The 700 Club with Pat Robertson


Gridiron Faith of Redskins' London Fletcher

By Shawn Brown
The 700 Club - 700 Club Sports Producer, Shawn Brown recently sat down for a talk with London Fletcher of the Washington Redskins.

Washington Redskins linebacker London Fletcher has established himself as one of the toughest players in the game. In his 15 year career, the 3 time Pro Bowler is ranked 2nd in most consecutive starts. His mental and physical toughness is something he developed as a kid growing up on the mean streets of Cleveland. “We grew up in a neighborhood, where there was a lot of crime, a lot of drugs, you know, a lot of distractions that you had to overcome if you wanted to make it.”

Life was never easy for London, but one major tragedy he and his family had to overcome the murder of his 19 year old sister. He was just 11 years old when she died. “She was murdered, raped, beaten, stabbed to death. (Then she was) left dead by some railroad tracks. My mother took that death very hard, you know, it actually turned—led into a whirlwind for her and her own drug addiction.”

Because of what was happening in his family, London says his heart was filled with anger. He tried to channel his feelings playing football. “I started to excel at football. I was making too many fouls in basketball. The fact that I was already aggressive had this anger inside of me. And the fact that I can go out, play a game of football and not get in trouble, take out some aggression, some of the anger that I had.”

As London got bigger and stronger, his skills on the football field became more obvious along with his aggressive style of play. “I think I was born with a little bit of a chip on my shoulder. You know, I did let my temper get the best of me at times, which wasn’t good.”

One time in particular, was when he ended up staring down the barrel of a gun after he had an argument with a neighbor.  “I didn’t really care whether he pulled the trigger or not. I wasn’t going to run. I didn’t really care what my fate was at that moment, you know. Thank God he didn’t pull the trigger; he drove off.”

After that, London knew he had to find a way out of his neighborhood. He believed football provided that avenue. He received a scholarship to play at John Carroll University. Then in 1998, he signed his first NFL contract as an undrafted free agent with the St. Louis Rams. During the 1999 season, he led the Rams in tackles and helped them win Super Bowl XXXIV and helped them make another Super Bowl appearance in Super Bowl XXXVI. But with all his success, he says he was still harboring anger in his heart. 

Shawn Brown: Why did you feel you had to play angry?”

London: “I was just considered small for my position. Undersized, undrafted, (I was) feeling like people were trying to test me, things like that. So I played with a with a chip on my shoulder, angry at all times. And I felt like I needed to, to be successful.”

Shawn: “And because of the success you were having, you just continued to play angry because you were being successful.”

London: “Yeah, it was working for me. You know, I didn’t back down from anybody, you know.
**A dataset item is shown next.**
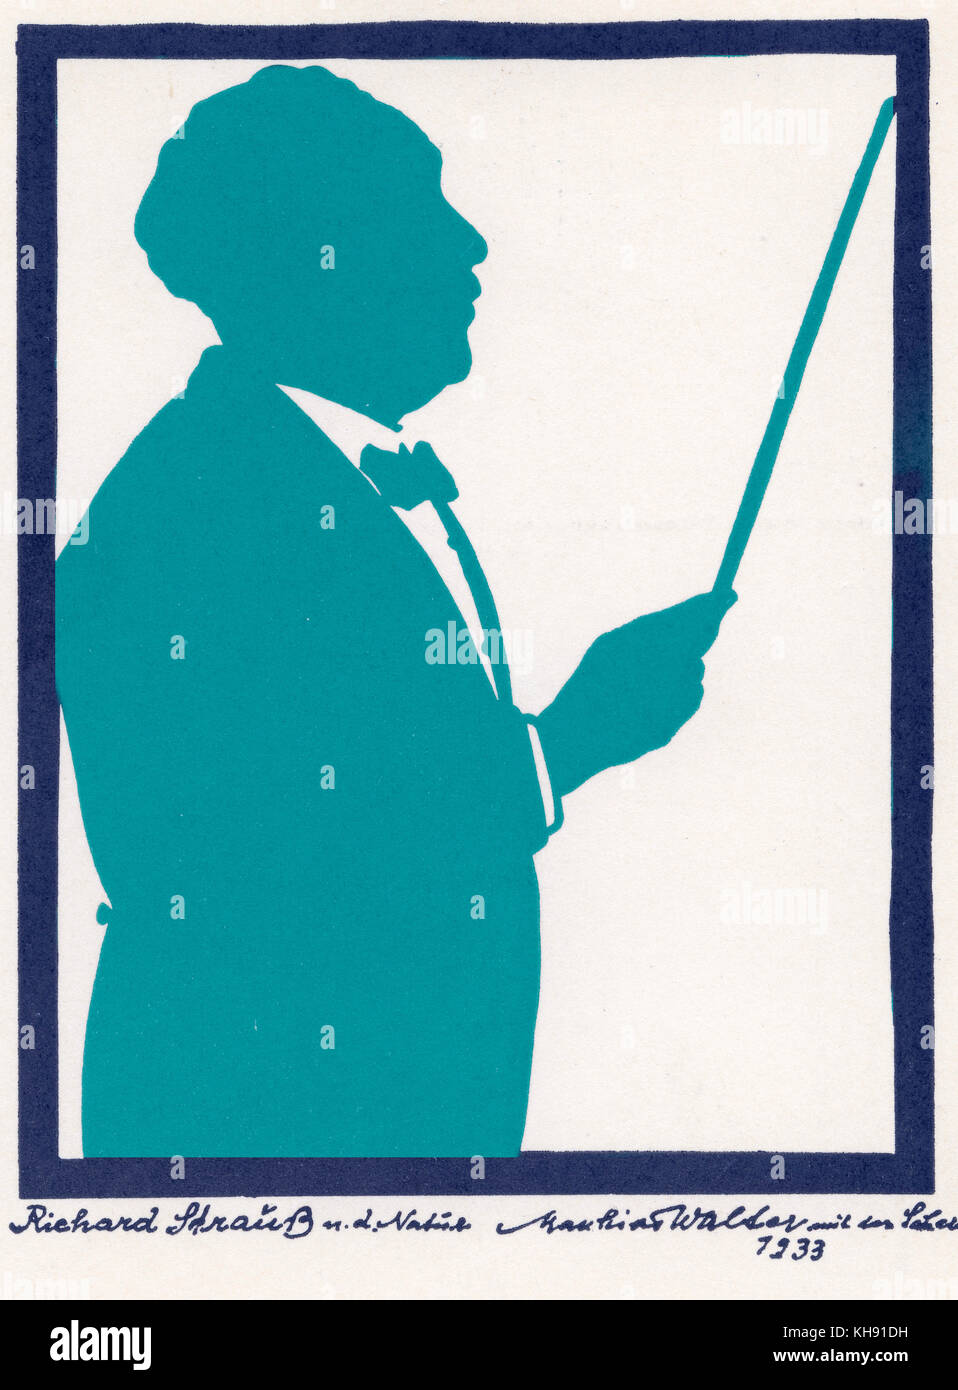 Richard Strauss - silhouette  by Matthias Walter, 1933.  German composer & conductor, 1864-1949. Stock Photo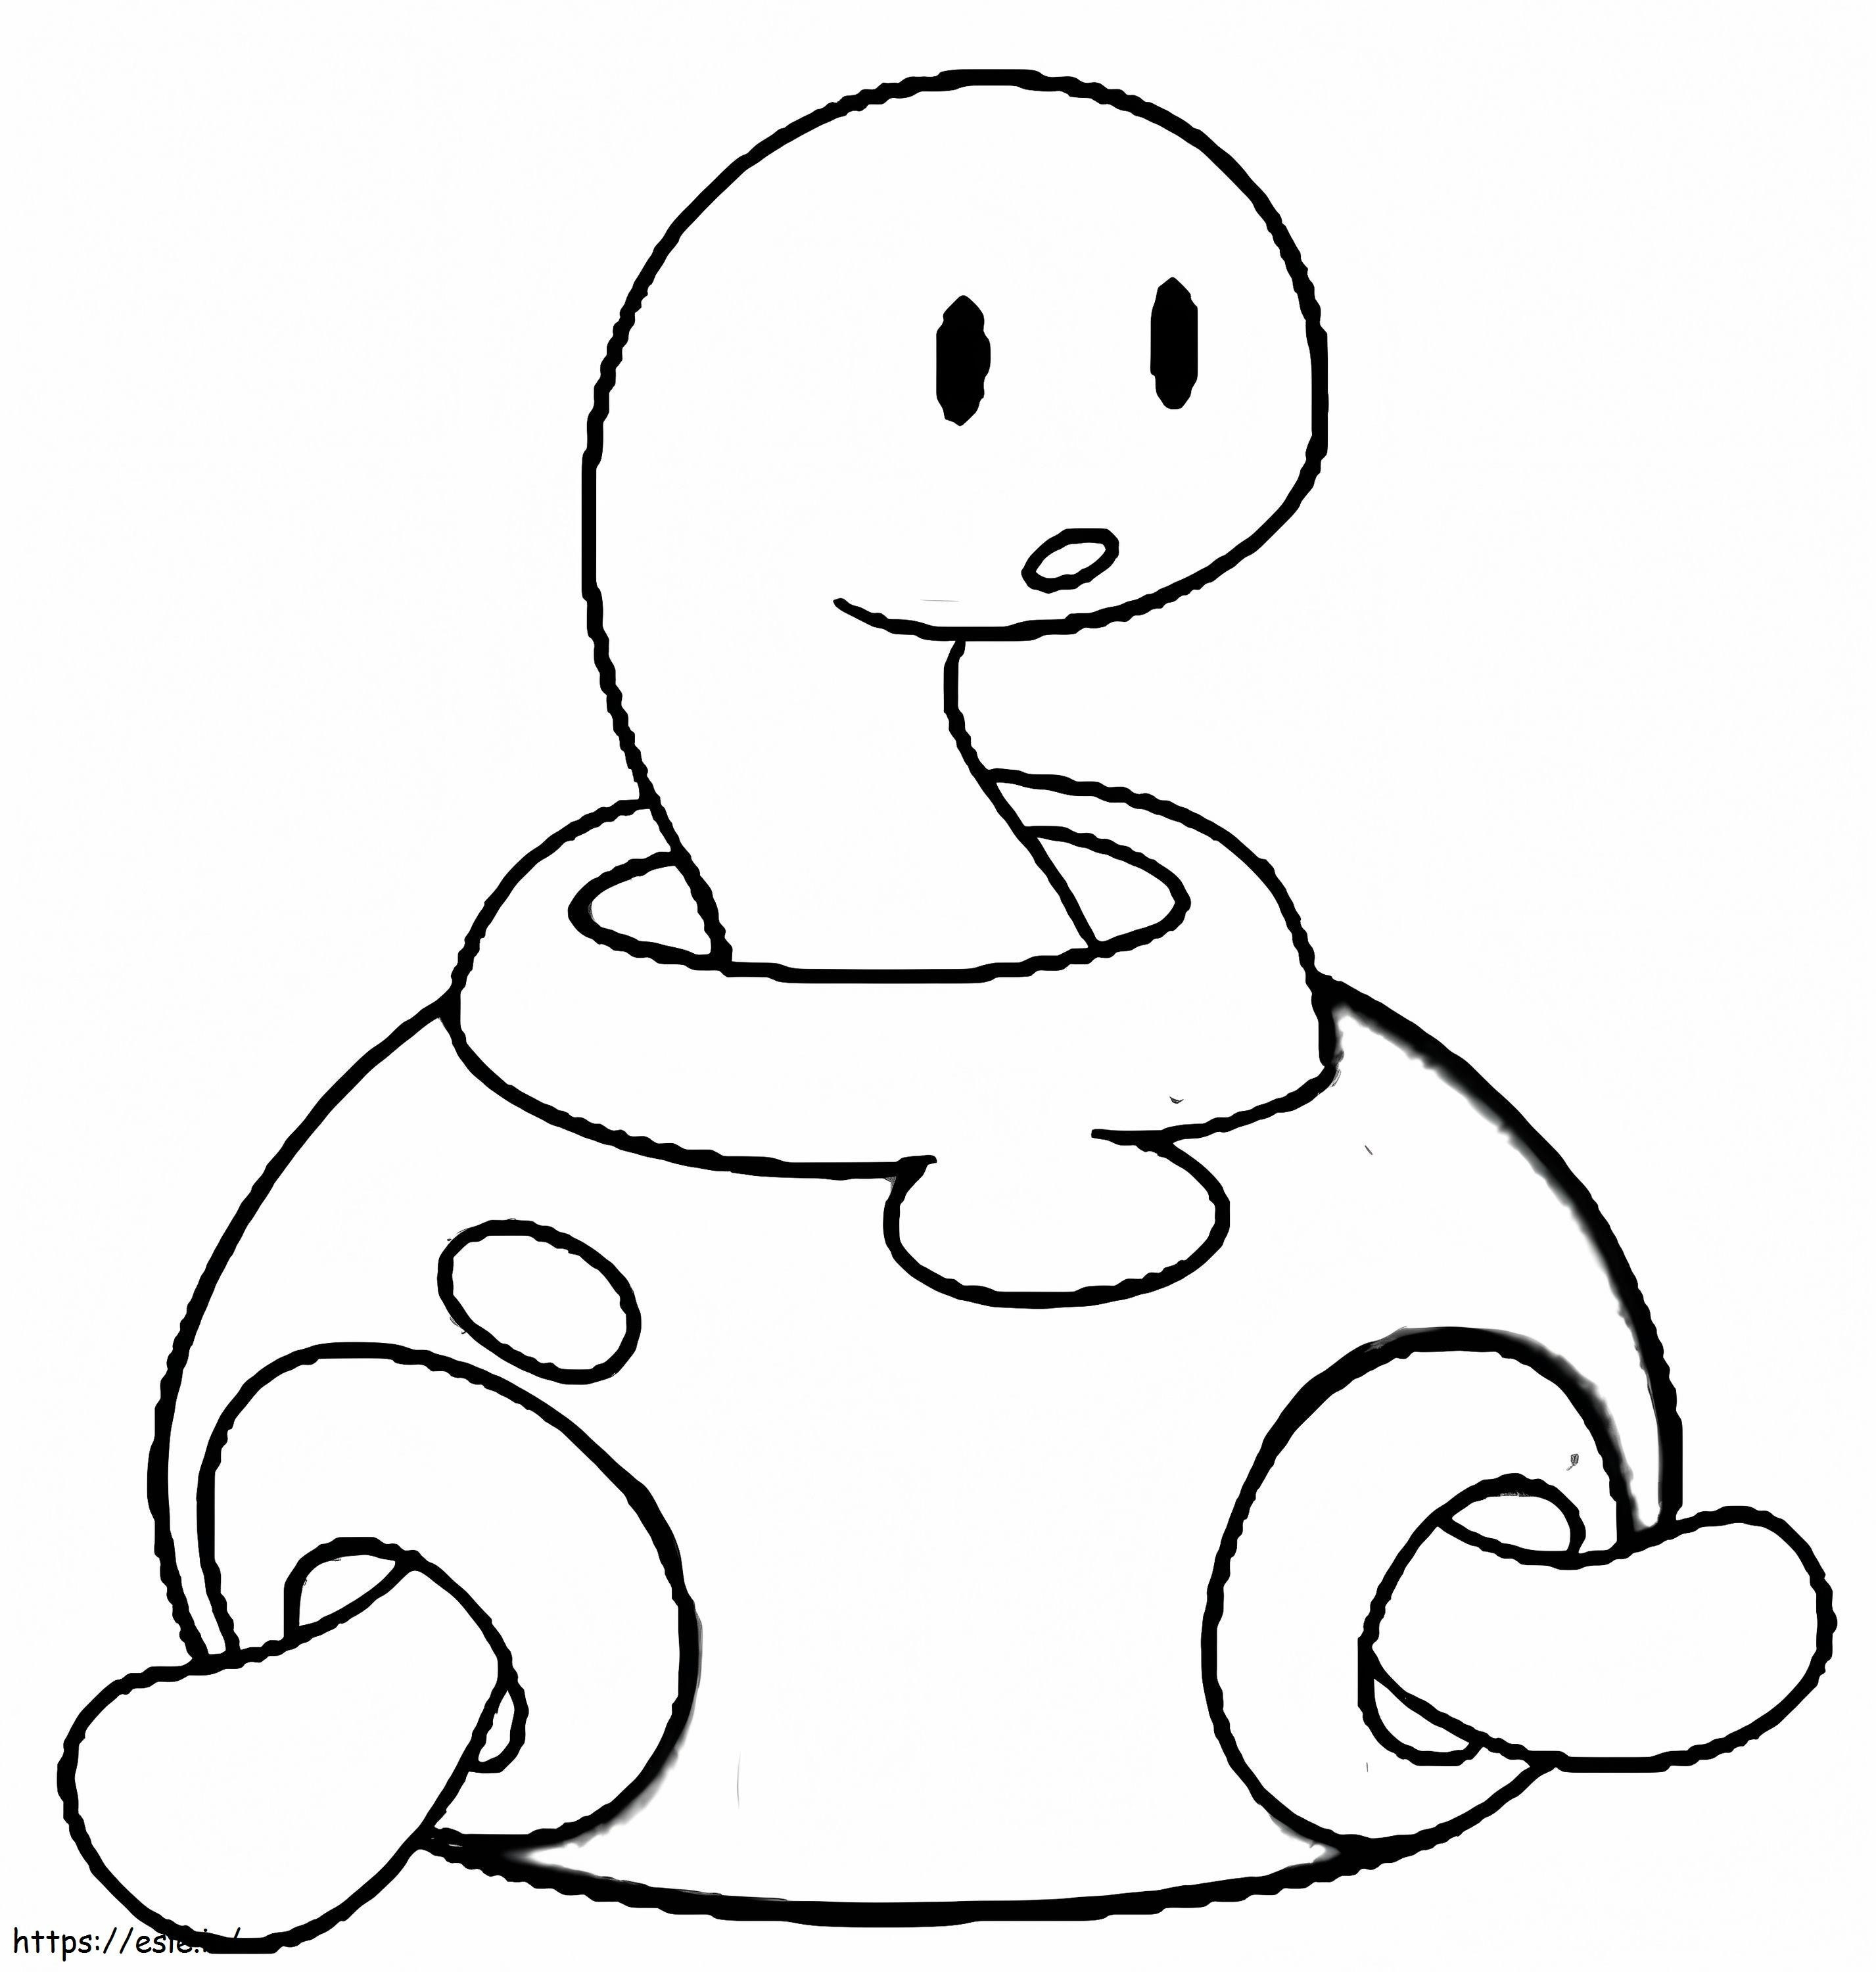 Adorable Shuckle coloring page

So, was having success, I kept doing it.” 

In 2002, as an unrestricted free agent, London signed with the Buffalo Bills. As a Super Bowl champion, it would seem that life couldn’t get any better for him. At least on the outside. But on the inside, he felt a bit different.

 “You know, after being in the NFL, now what 5, 6 years. It was in ’04 where I was really feeling a sense of emptiness in my life. Even though I won a super bowl, was playing in the NFL, was making money, had success. (I) didn’t really feel fulfilled inside. I knew there was something missing in my life and I felt really a tug from Christ like, ‘Hey, come to me. Come to me.”

London met with the team chaplain and decided to give his life to the Lord. “Since then, you know, I have felt that fulfillment, you know, that sense of whole or whatever I was missing, has definitely been filled in my life.”

London had found peace. Not just in life, but on the gridiron as well. He spent 5 seasons with the Bills and set a franchise record 209 tackles. He says that’s when his mentality on the field had changed. “I’m going to play hard. I’m going to play physical, but, you know, the mindset is definitely changed, as far as not wanting to really inflict injury on somebody. I’m playing ten times better with Christ because I don’t have that clutter in my life. I don’t have those distractions. I’m playing totally free now. I’m playing for Him, and I give Him the glory. There’s not a selfish—there’s not a sense of selfishness when I go out and perform.”

In 2007, London was picked up by the Washington Redskins. This season, he’s leaving it all on the field and he says when he’s out there making tackles, hits, and interceptions, his #1 goal is to glorify the name of the Lord.  “I try to play for Him. And, let my performance be pleasing to Him. He, Christ was passionate about things, so I can be passionate about the job that God has allowed me to have. He’s been everything to me. You know, really, even before I had my mind on Him, focus on Him as far as worshiping, walking in His righteousness, He was protecting me, because He knew that I would be at this point that I am today and surrendered my life to Him.”